TASK MATERIAL -
# # # #

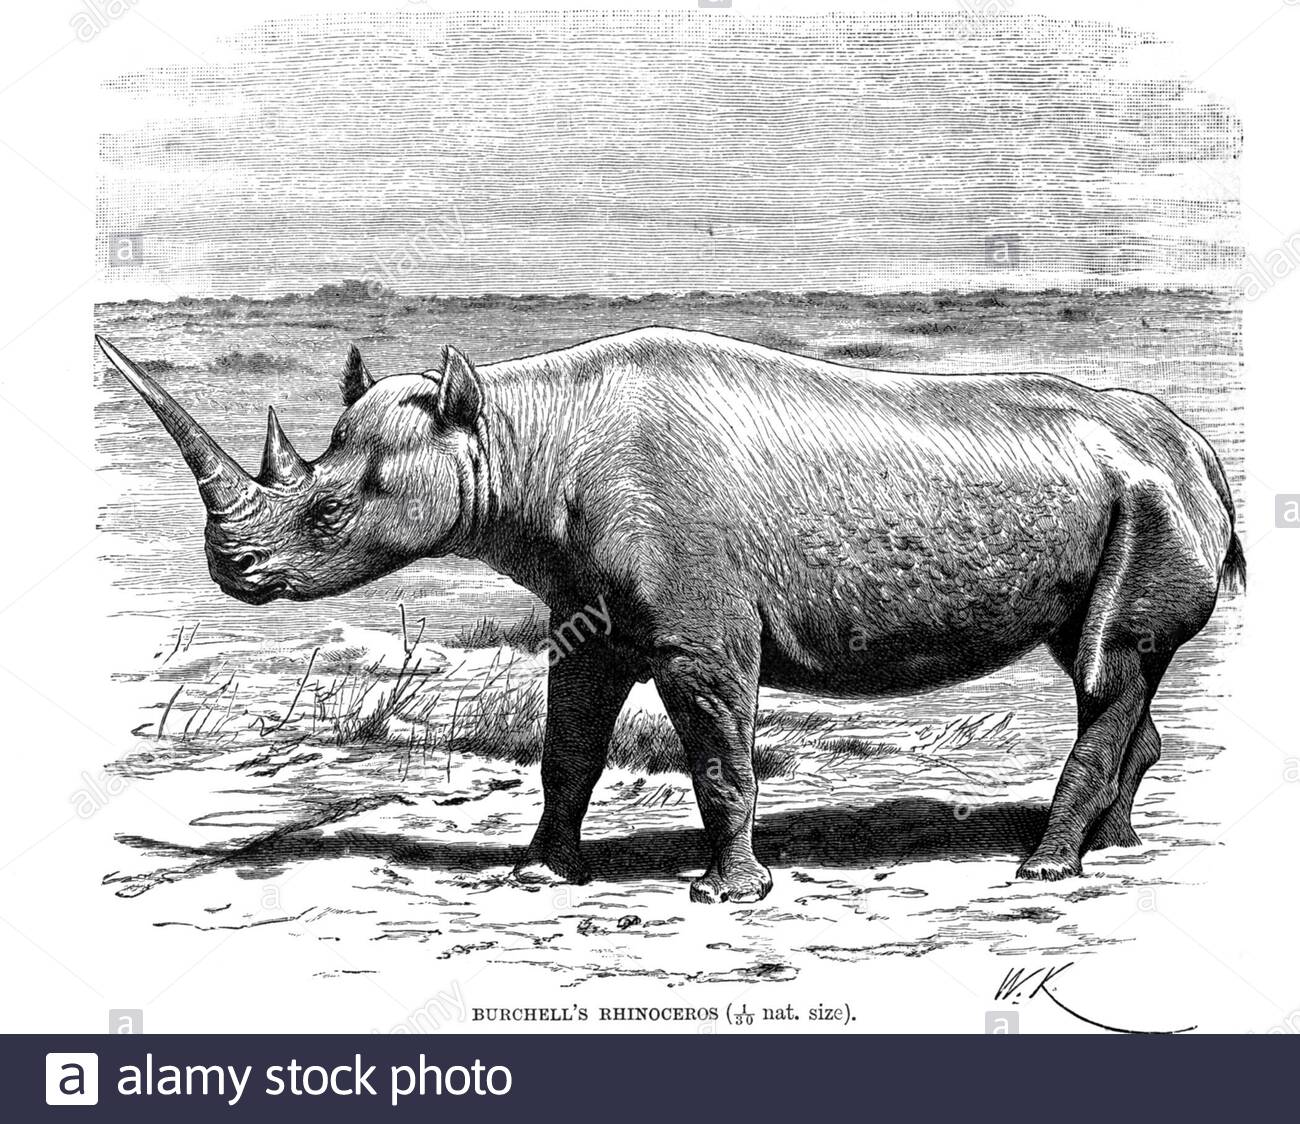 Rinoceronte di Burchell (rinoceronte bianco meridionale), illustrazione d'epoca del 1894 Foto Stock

# # # #

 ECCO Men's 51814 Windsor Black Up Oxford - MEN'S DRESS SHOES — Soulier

# # # #

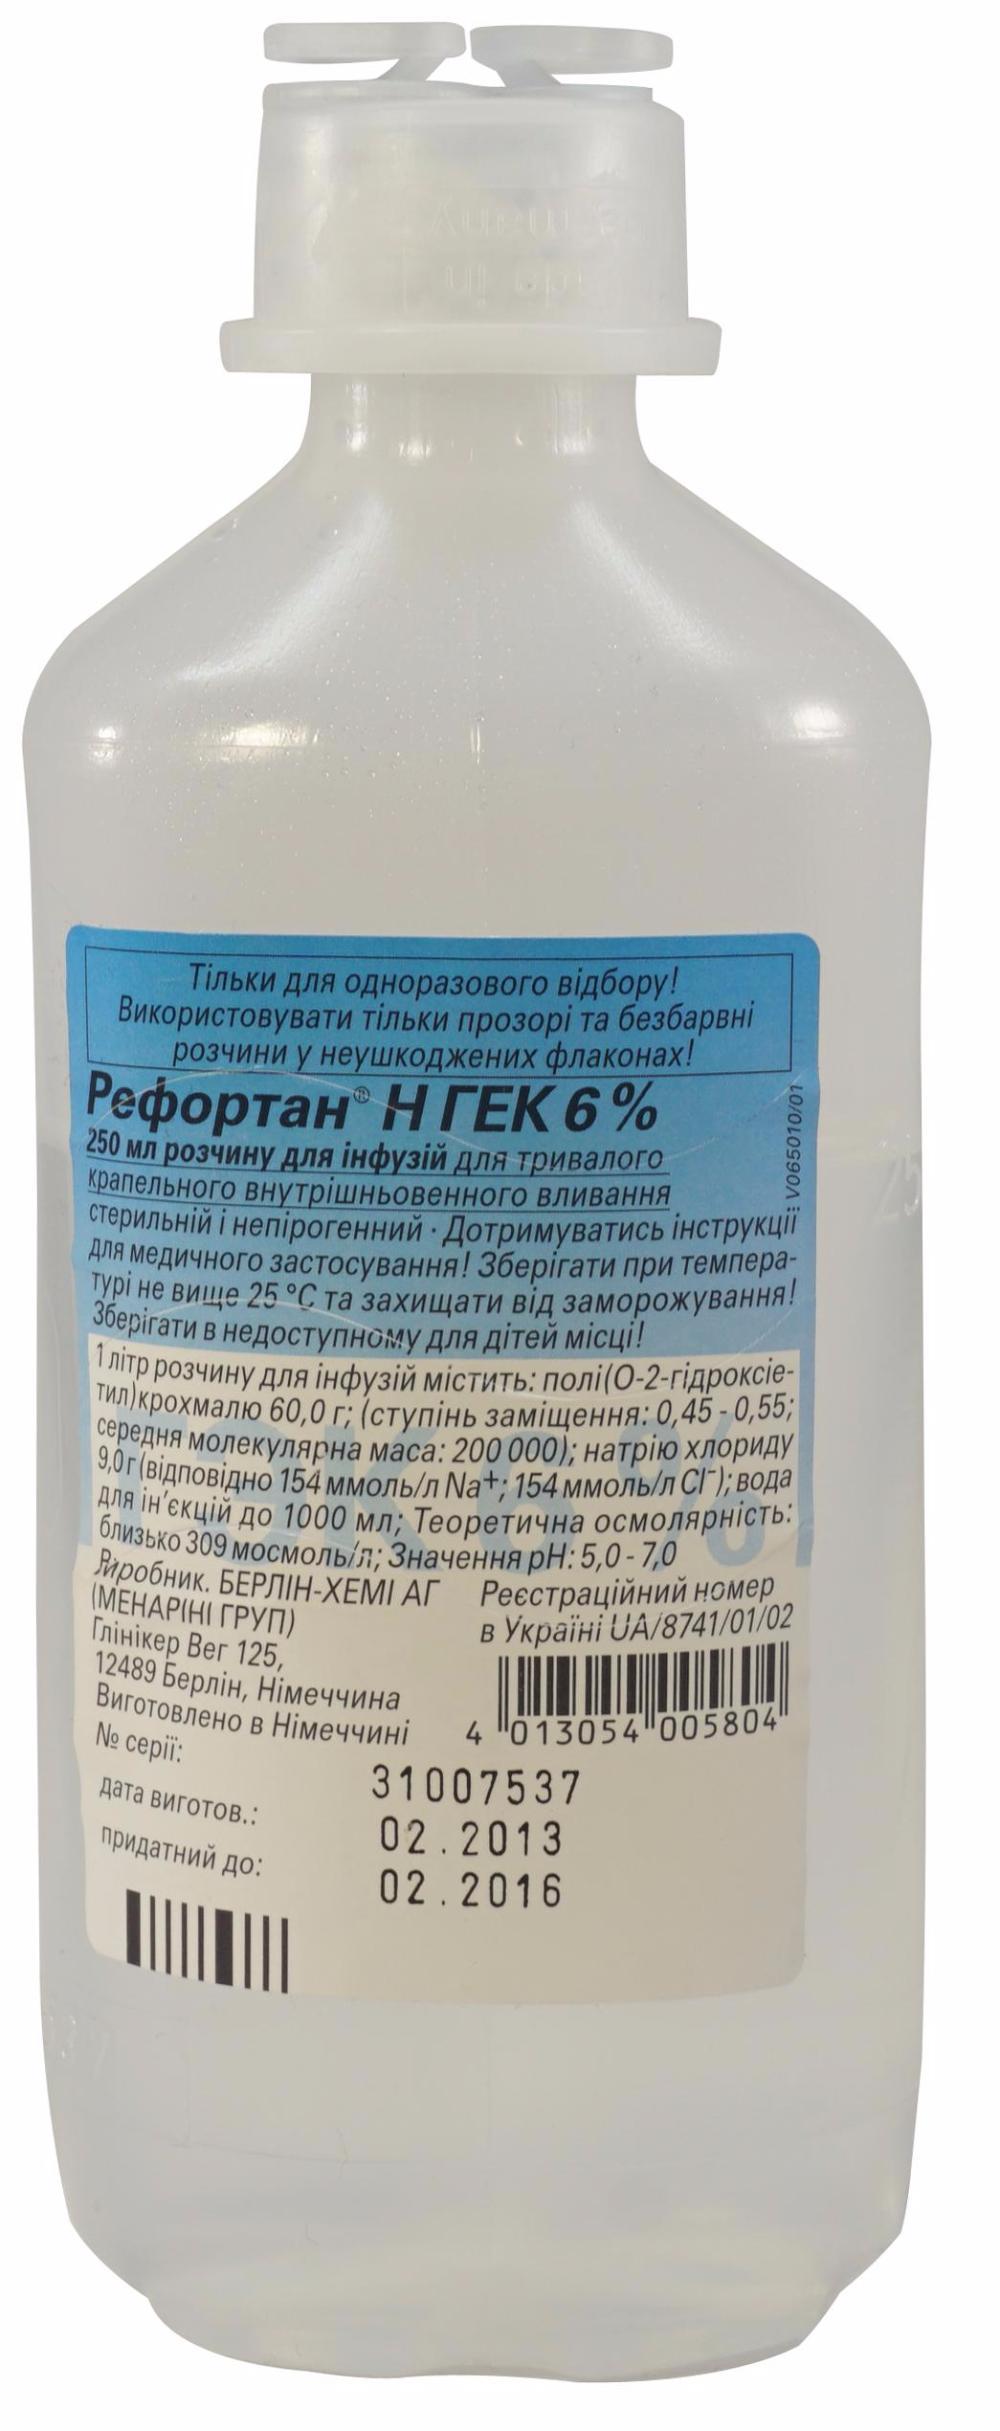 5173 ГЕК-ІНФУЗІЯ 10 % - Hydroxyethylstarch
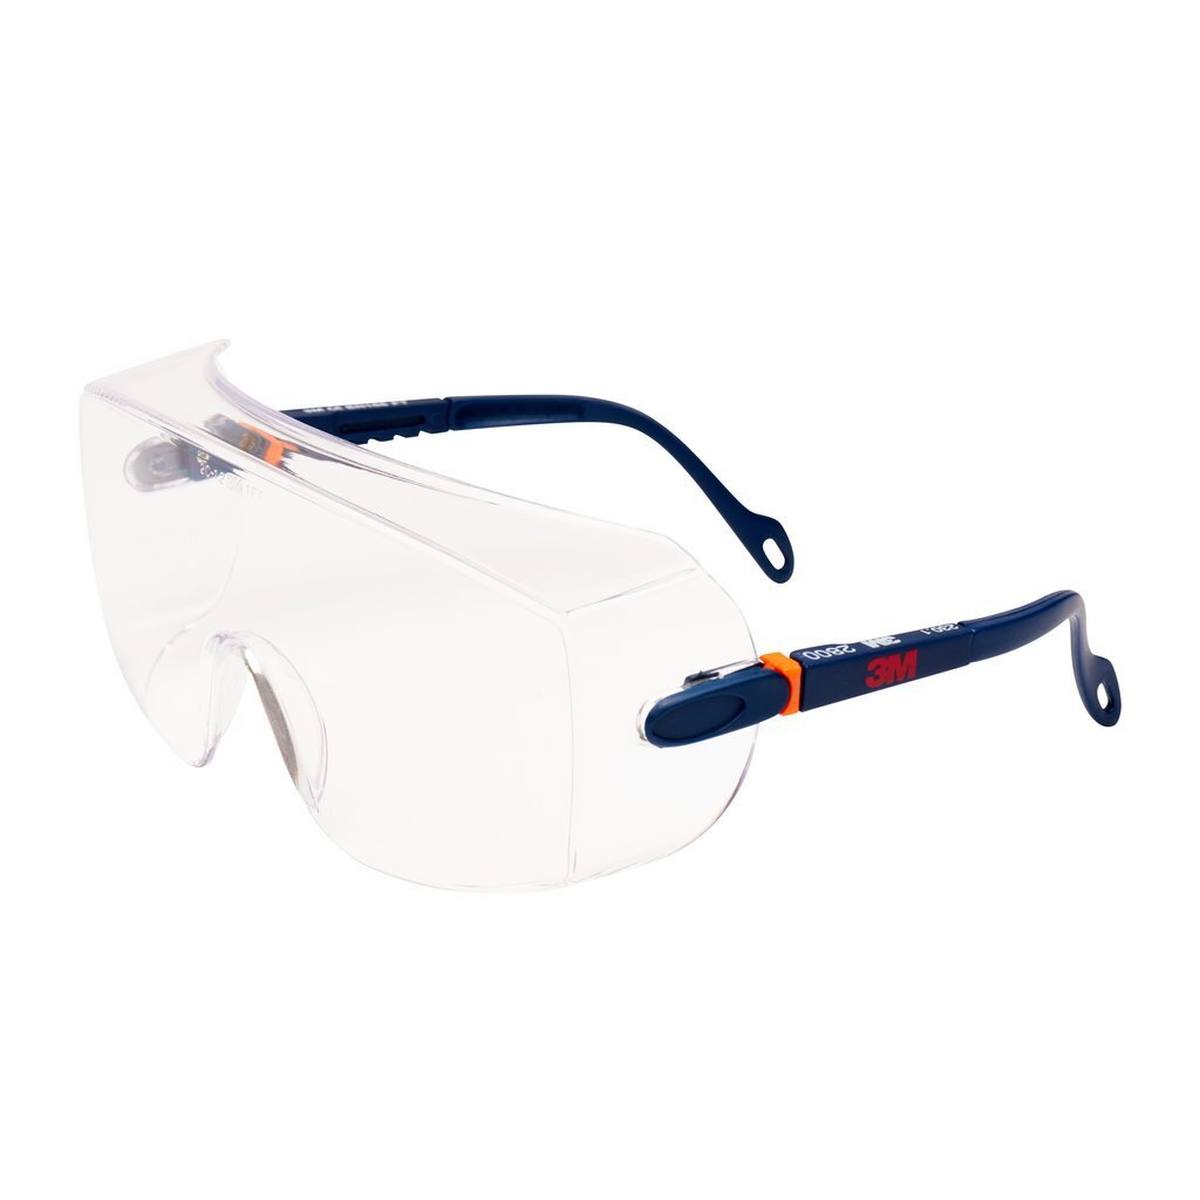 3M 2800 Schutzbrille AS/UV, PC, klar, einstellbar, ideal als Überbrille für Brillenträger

# # # #

TASK REQUIREMENTS - The answer must be the lines above from the one containing "5173 ГЕК-ІНФУЗІЯ 10 % - Hydroxyethylstarch" through the one containing "3M 2800 Schutzbrille", reproduced exactly, with no pictures and nothing else.

EXERCISE OUTPUT -
 5173 ГЕК-ІНФУЗІЯ 10 % - Hydroxyethylstarch
 3M 2800 Schutzbrille AS/UV, PC, klar, einstellbar, ideal als Überbrille für Brillenträger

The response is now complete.